On 29 April 2016, I packed my bags and headed out on a week-long trip that would change my outlook forever. After eons of planning I finally set out on my first solo international trip which would culminate in a Girls’ weekend abroad before we all headed to our respective homes.
The days leading up to my trip were a roller coaster of emotions. Excitement about my impending departure, worries about my safety, managing people’s reactions as we broke the news of my trip and sadness, yes genuine sadness, at leaving behind the world’s best travel companion (the Hubby) to explore on my own.
The thrill of my fast approaching trip was tinged with doubts about my own sanity for choosing this path. I wondered if I would get bored or lonely. Should I have planned a shorter trip for my first solo experience? Or should I have picked a destination that would be easier to access in case of an emergency?
But even in my darkest moments, there was an inexplicable sense of calm. A part of me knew I was going to be okay. A part of me always knew. I sensed that this was an occasion where I had no choice. Not going was simply not an option.

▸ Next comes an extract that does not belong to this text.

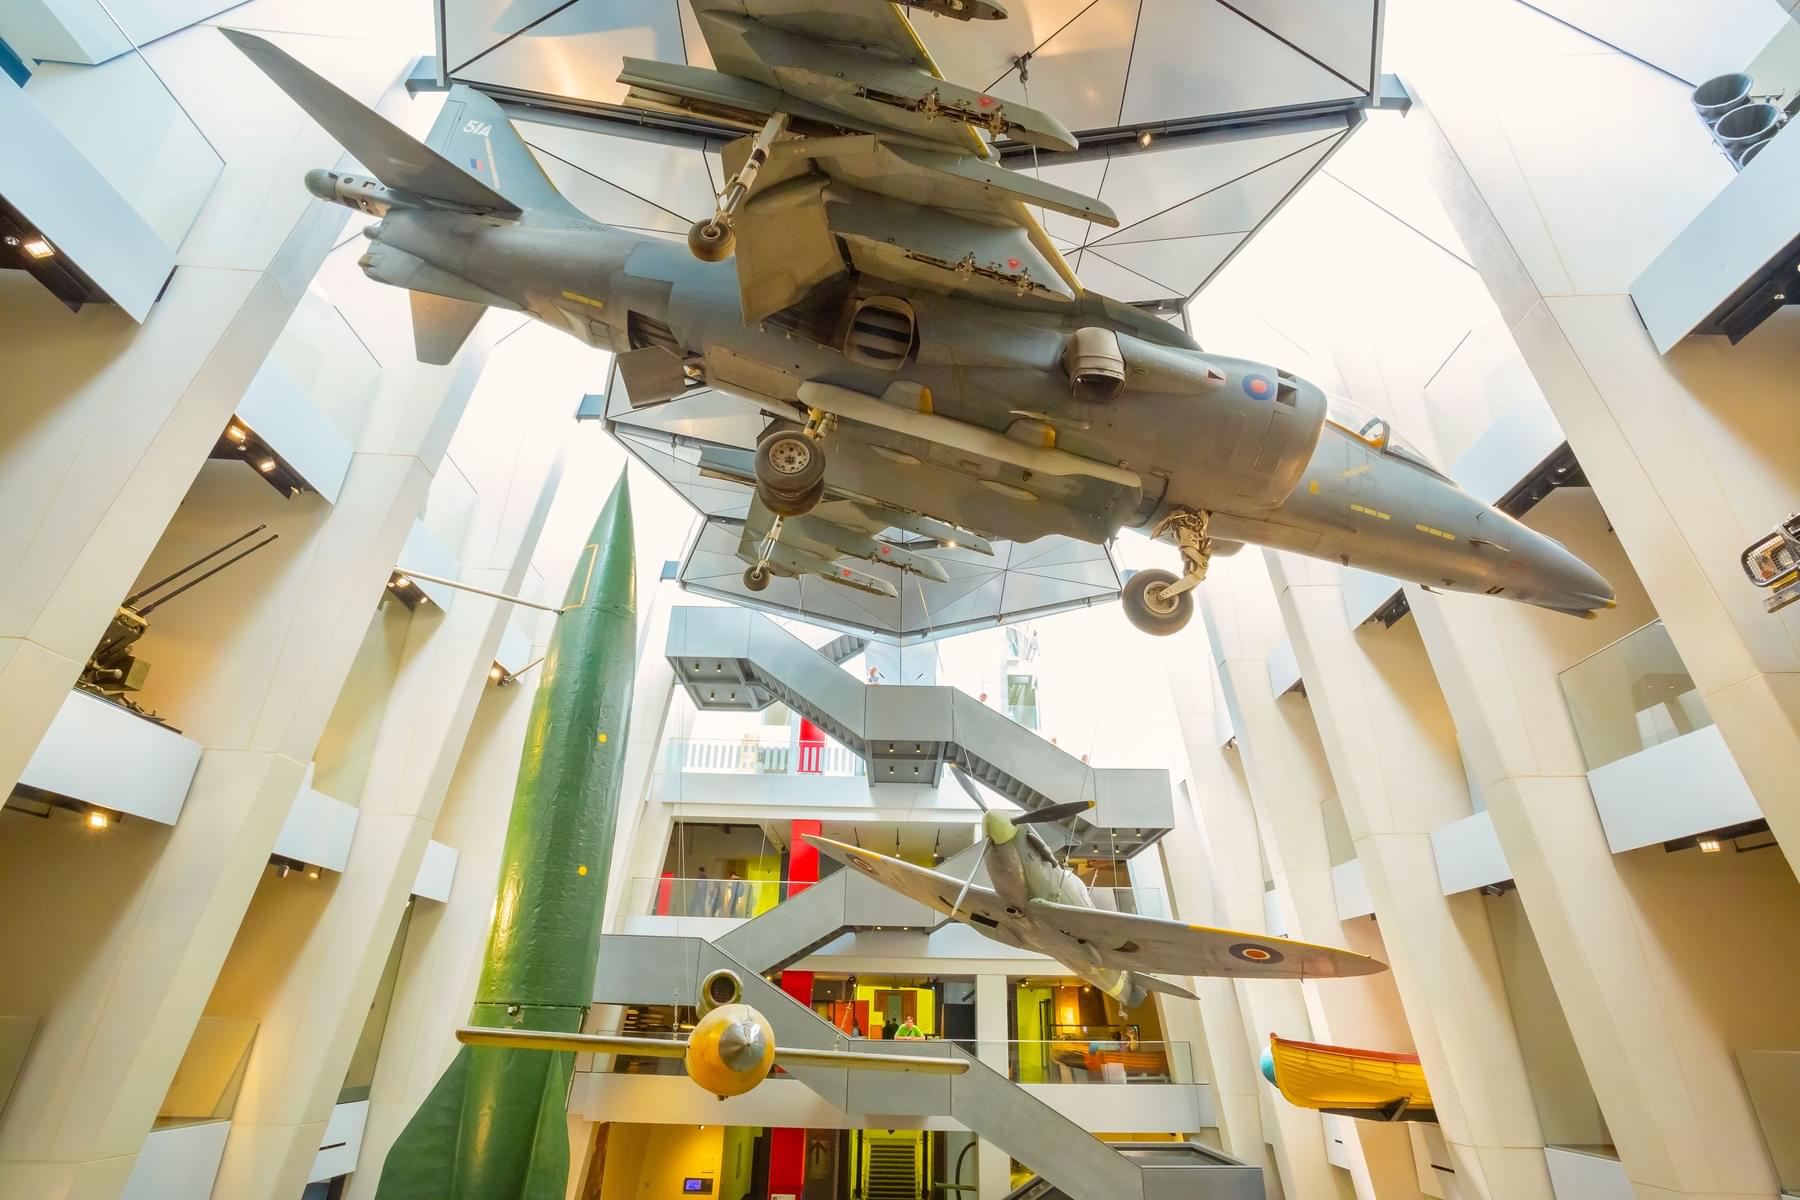 What To Expect In Imperial War Museum

My wanderlust heart called and my grounded head answered.
Twenty years from now you will be more disappointed by the things that you didn’t do than by the ones you did do. So throw off the bowlines. Sail away from the safe harbor. Catch the trade winds in your sails.
Explore. Dream. Discover.
For my trip I chose to spend 3 days in Vienna, followed by a day in Bratislava and a day in Salzburg before heading to Prague to meet up with four of my Gal Pals. Each of these destinations deserves separate posts of their own but for now, know that I loved every single moment of my trip. Every little doubt, every nagging worry was worth the sheer exhilaration of being out there on my own. I proved to the world, and more importantly to myself, that I can manage on my own.
And I learnt a few things along the way.
I learnt that being alone is not the worst thing in the world. I learnt that opinions matter – even the most mundane and absurd of them. I learnt that people can be surprisingly rude but also overwhelmingly kind. I learnt that a few days in the bosom of Mother Nature is the perfect balm for a city-weary soul. I learnt that you may never feel more alone than when you are surrounded by people but also that you are never more in tune with the world than when you travel alone. I learnt that wisdom is amplified through life experiences. I learnt that it is easier to find yourself in the silence of seclusion than in the cacophony of daily life. I learnt that there is strength in solitude and power in freedom.
I learnt that solo travel is something not everyone will understand. But it has been one of the most exhilarating, liberating and fulfilling experiences of my life.